## Your objective
Within the material below, locate the line with "alte seiko mechanische" and the line with "Ensalada vegetal con", then return those two lines and all lines between them, exactly as written.
** Exercise inputs follows **
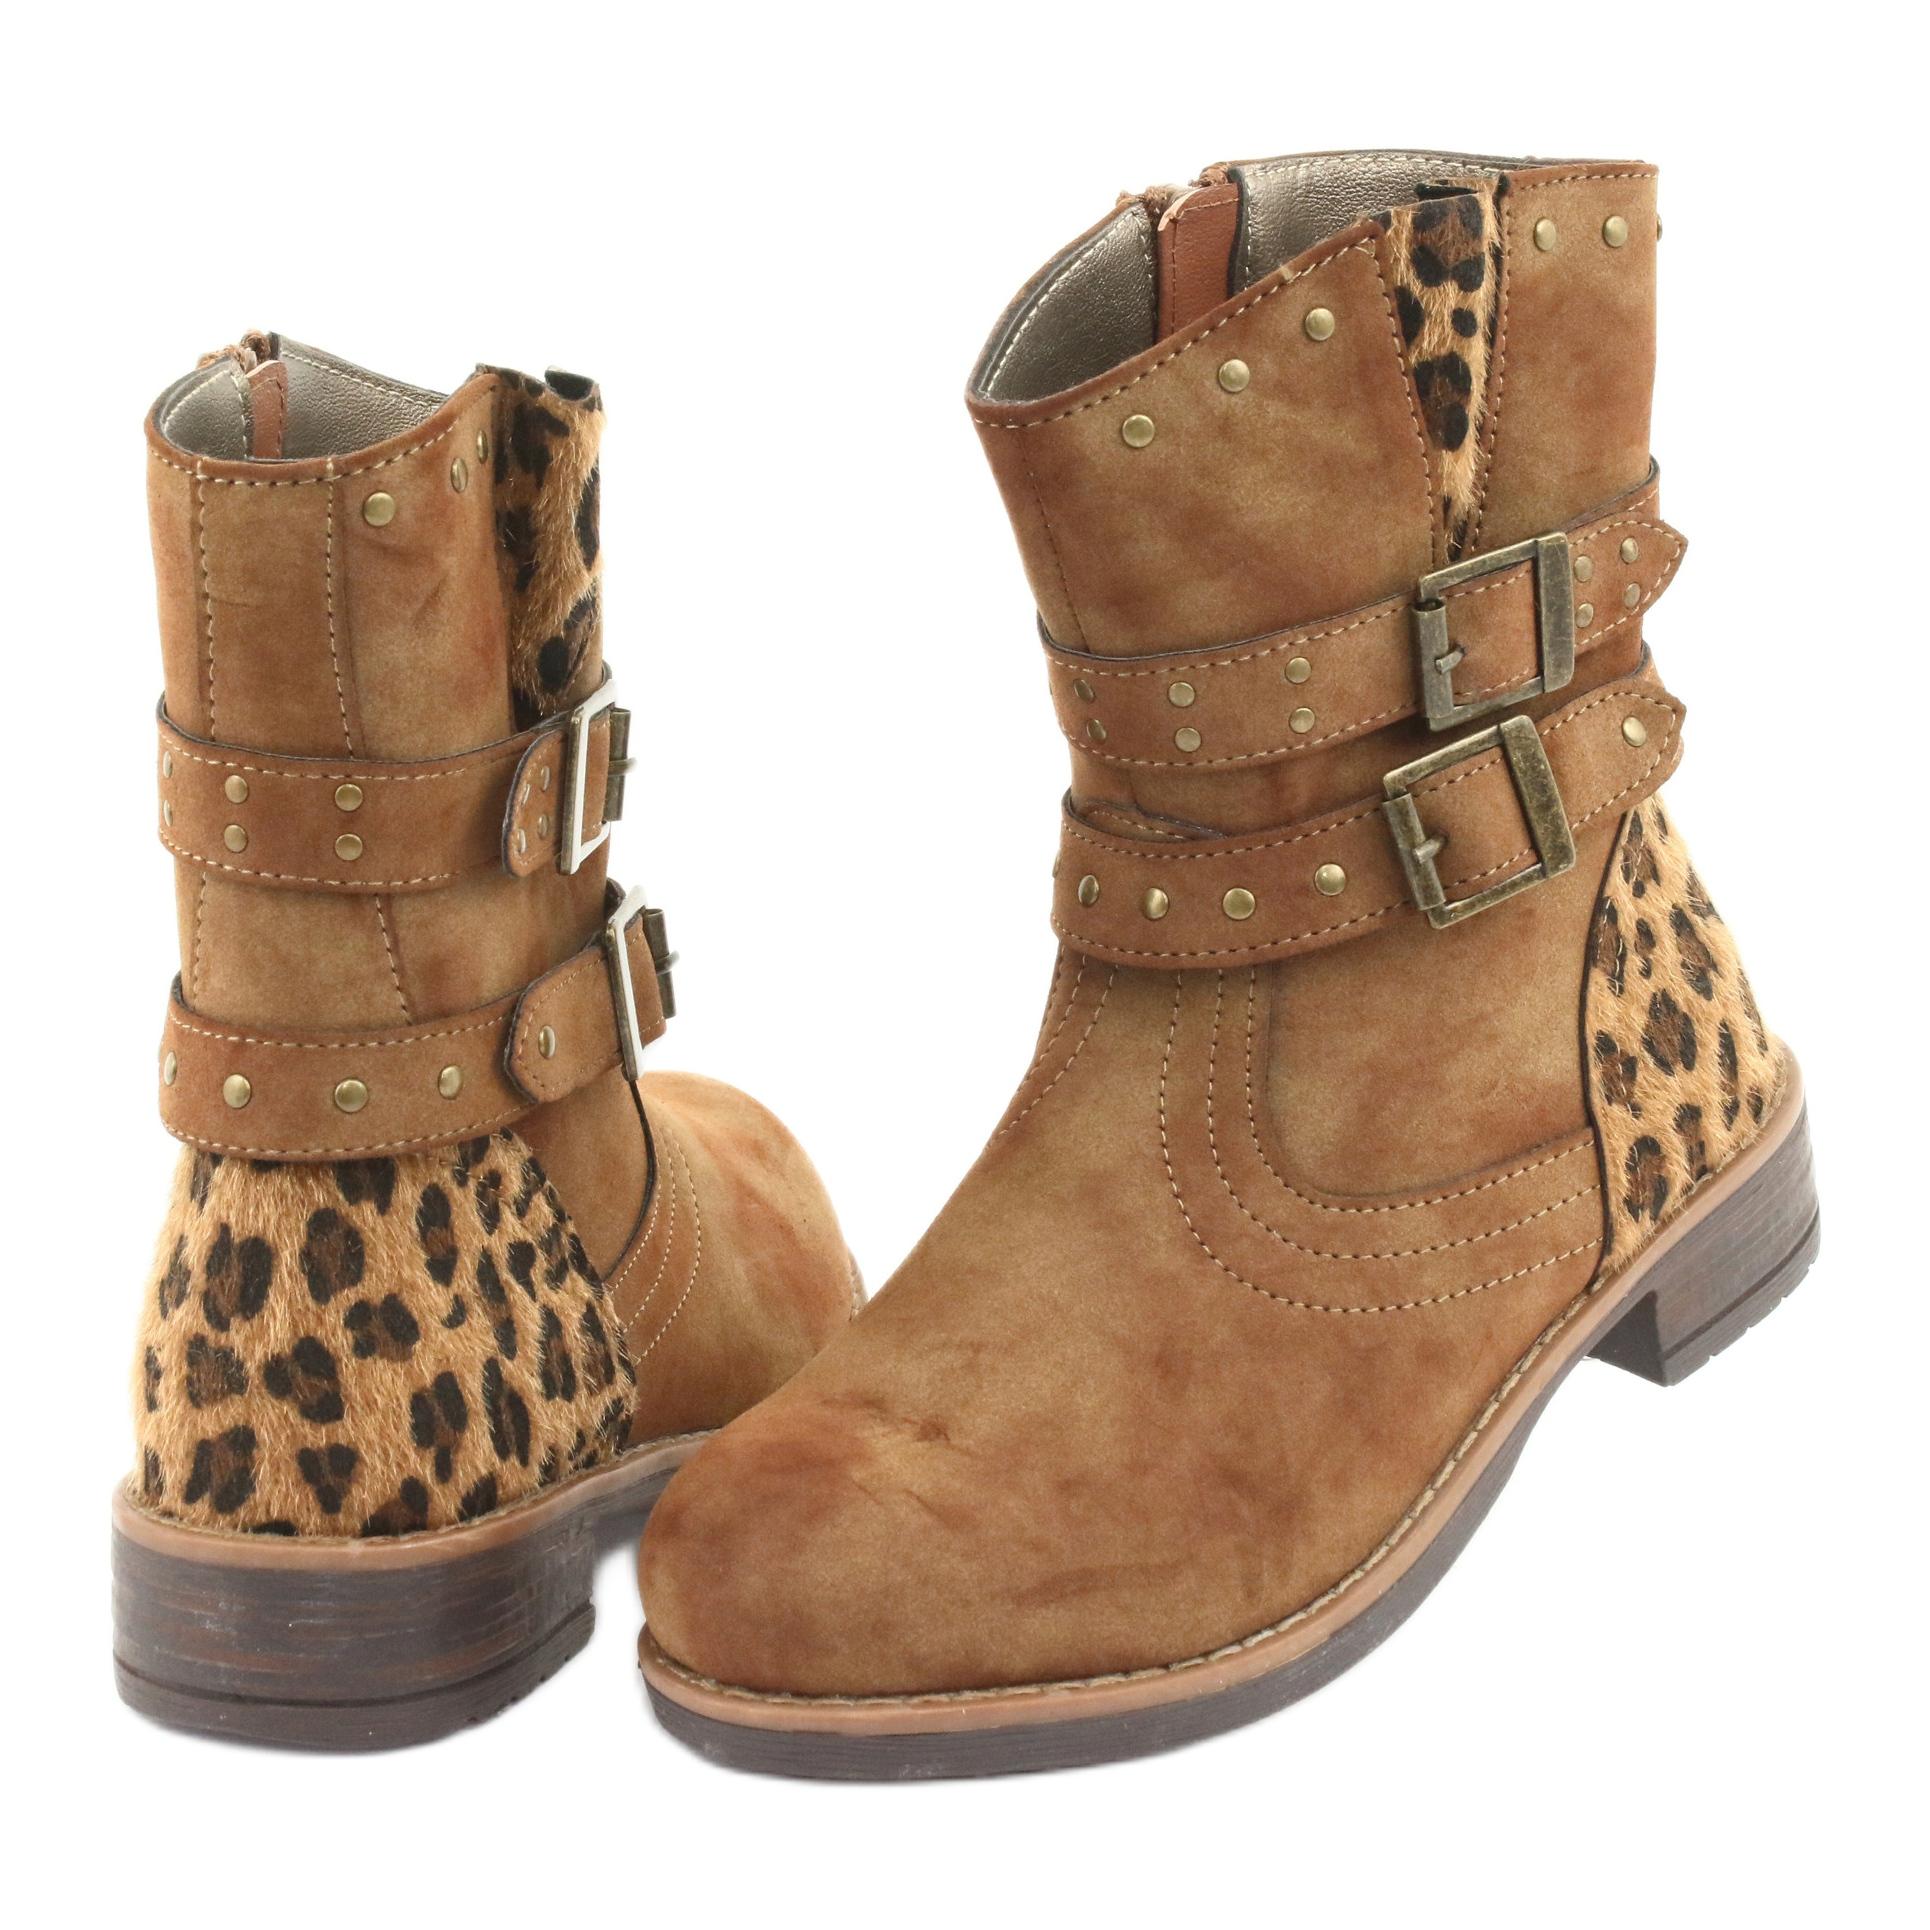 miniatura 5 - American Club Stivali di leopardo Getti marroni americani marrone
** End of Exercise inputs **
** Exercise inputs follows **
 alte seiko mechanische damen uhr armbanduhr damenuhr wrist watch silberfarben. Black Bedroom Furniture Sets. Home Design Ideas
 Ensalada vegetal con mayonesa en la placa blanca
** End of Exercise inputs **
## Response for this exercise
 alte seiko mechanische damen uhr armbanduhr damenuhr wrist watch silberfarben. Black Bedroom Furniture Sets. Home Design Ideas
 Ensalada vegetal con mayonesa en la placa blanca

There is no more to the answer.